Projects can add automated checks on the submission side. For example, before a bug report is accepted, the system could search for existing reports with similar code locations or error descriptions. While this duplicates some maintainer work, it catches duplicates early. It also teaches submitters to check for existing reports before hitting send.

Encourage Patch-Submission Culture

If a project rewards reports and patches equally, it will get more reports. If it explicitly prioritizes patches, contributors will invest time in understanding the code and writing fixes. Torvalds’ advice to “create a patch too” is a cultural lever. It shifts the incentive from volume to quality.

What Security Researchers Should Do Differently

If you are a security researcher using AI tools to scan Linux or any other open-source project, the message is clear. Your goal should not be to generate the highest number of reports. It should be to produce the highest quality findings. Here is a practical checklist that aligns with Torvalds’ expectations.
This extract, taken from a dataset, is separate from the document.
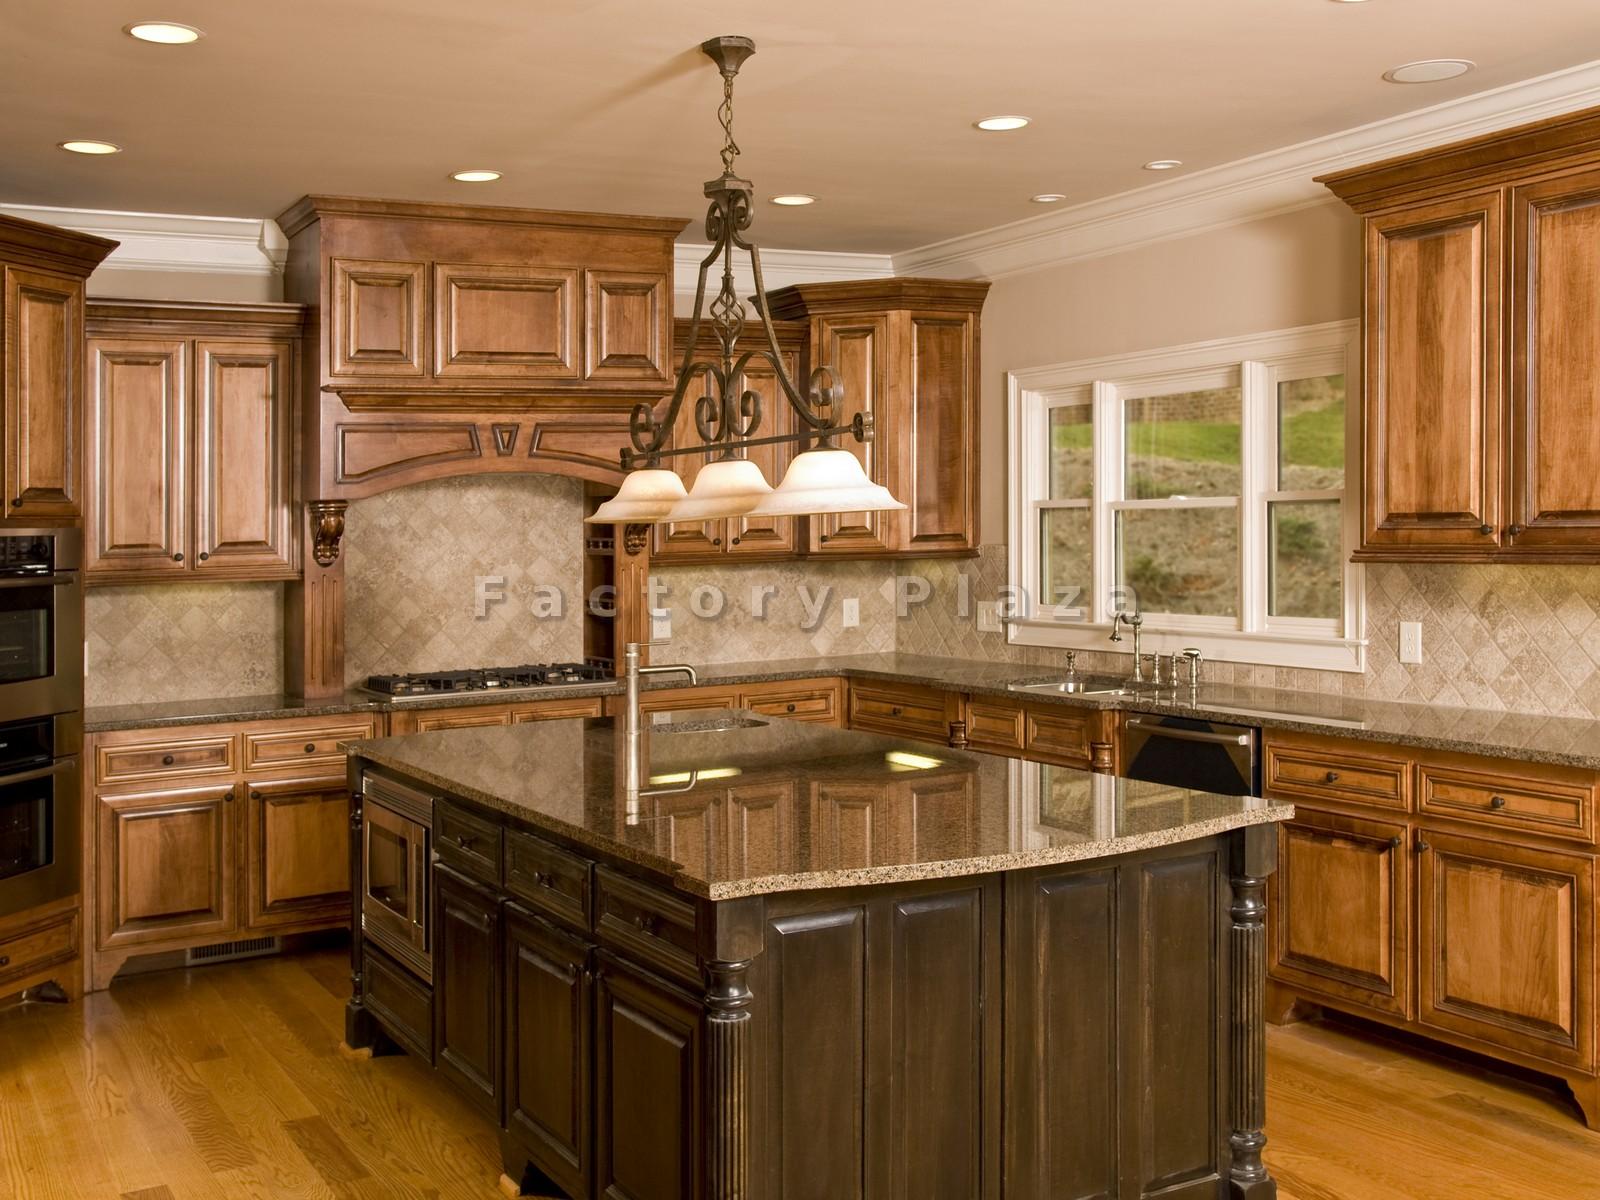 Yorktown Cabinets | Menards Custom Cabinets | Merlot Kitchen Cabinets
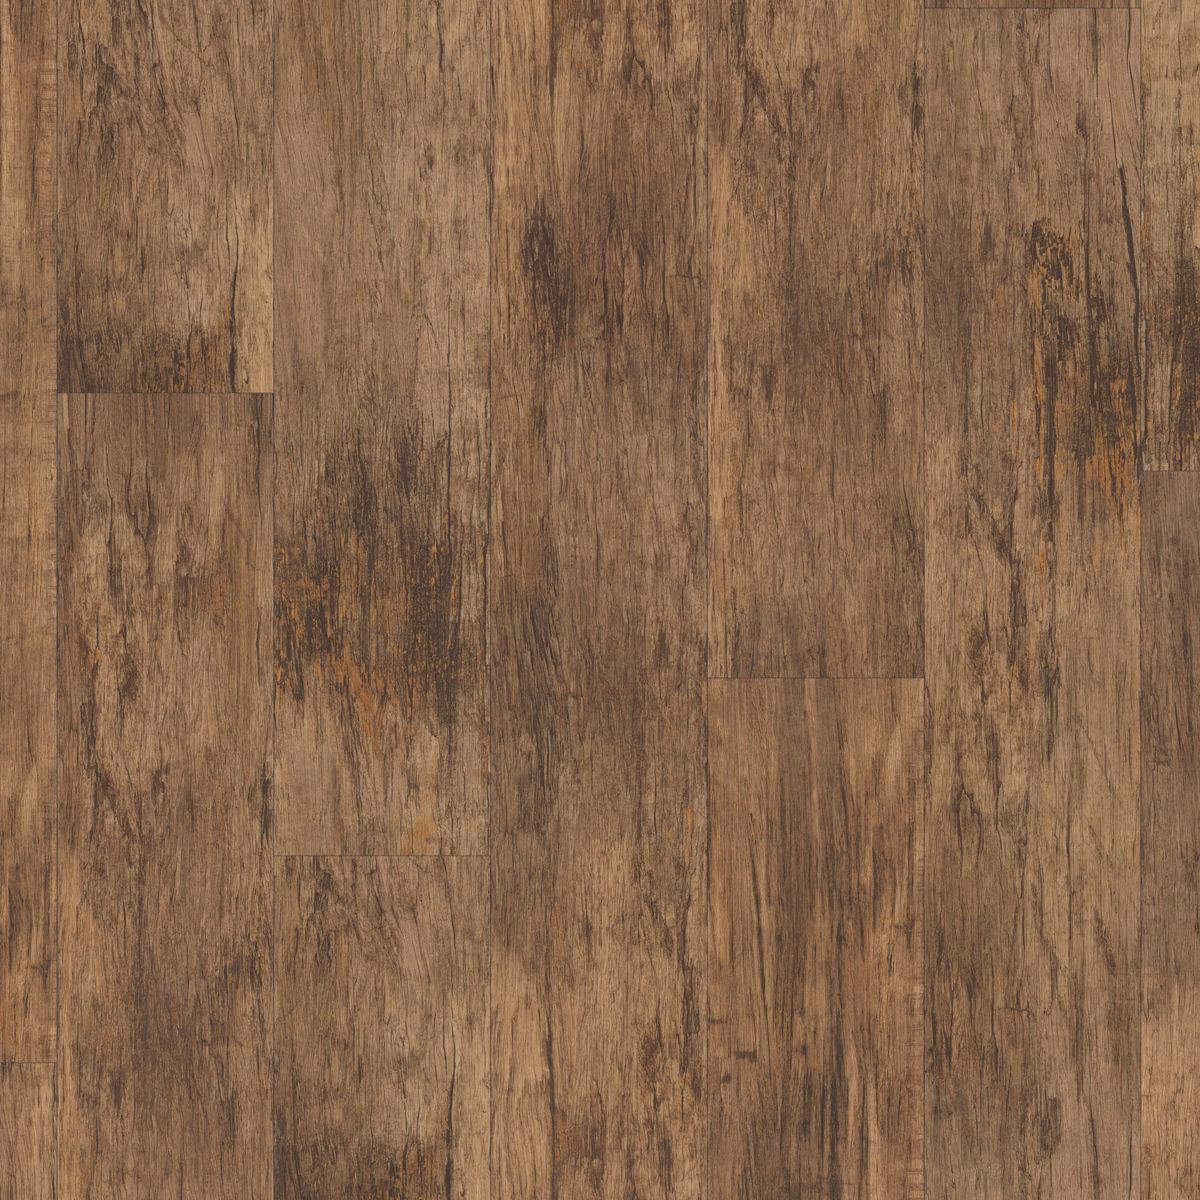 Karndean Van Gogh Bracken Vg1 7 Vinyl Flooring

Step One: Run Your Scan Against the Latest Tree

Always pull the most recent kernel source before scanning. Many bugs that AI tools flag have already been fixed in a commit from last week. Checking the latest tree eliminates a large fraction of false positives and duplicates.

Step Two: Search Existing Reports and Patches

Before you write a report, search the kernel mailing list archives, the bug tracker, and recent patch submissions. If you find a thread about the same issue, add your analysis there. Do not open a new thread. This reduces noise and helps maintainers see all relevant information in one place.

Step Three: Investigate Until You Can Explain the Bug Without the Tool

The AI tool is a starting point, not an authority. Read the affected code. Understand the data flow. Determine whether the issue is exploitable. If you cannot explain the vulnerability in your own words, you are not ready to submit a report. Keep investigating until you can.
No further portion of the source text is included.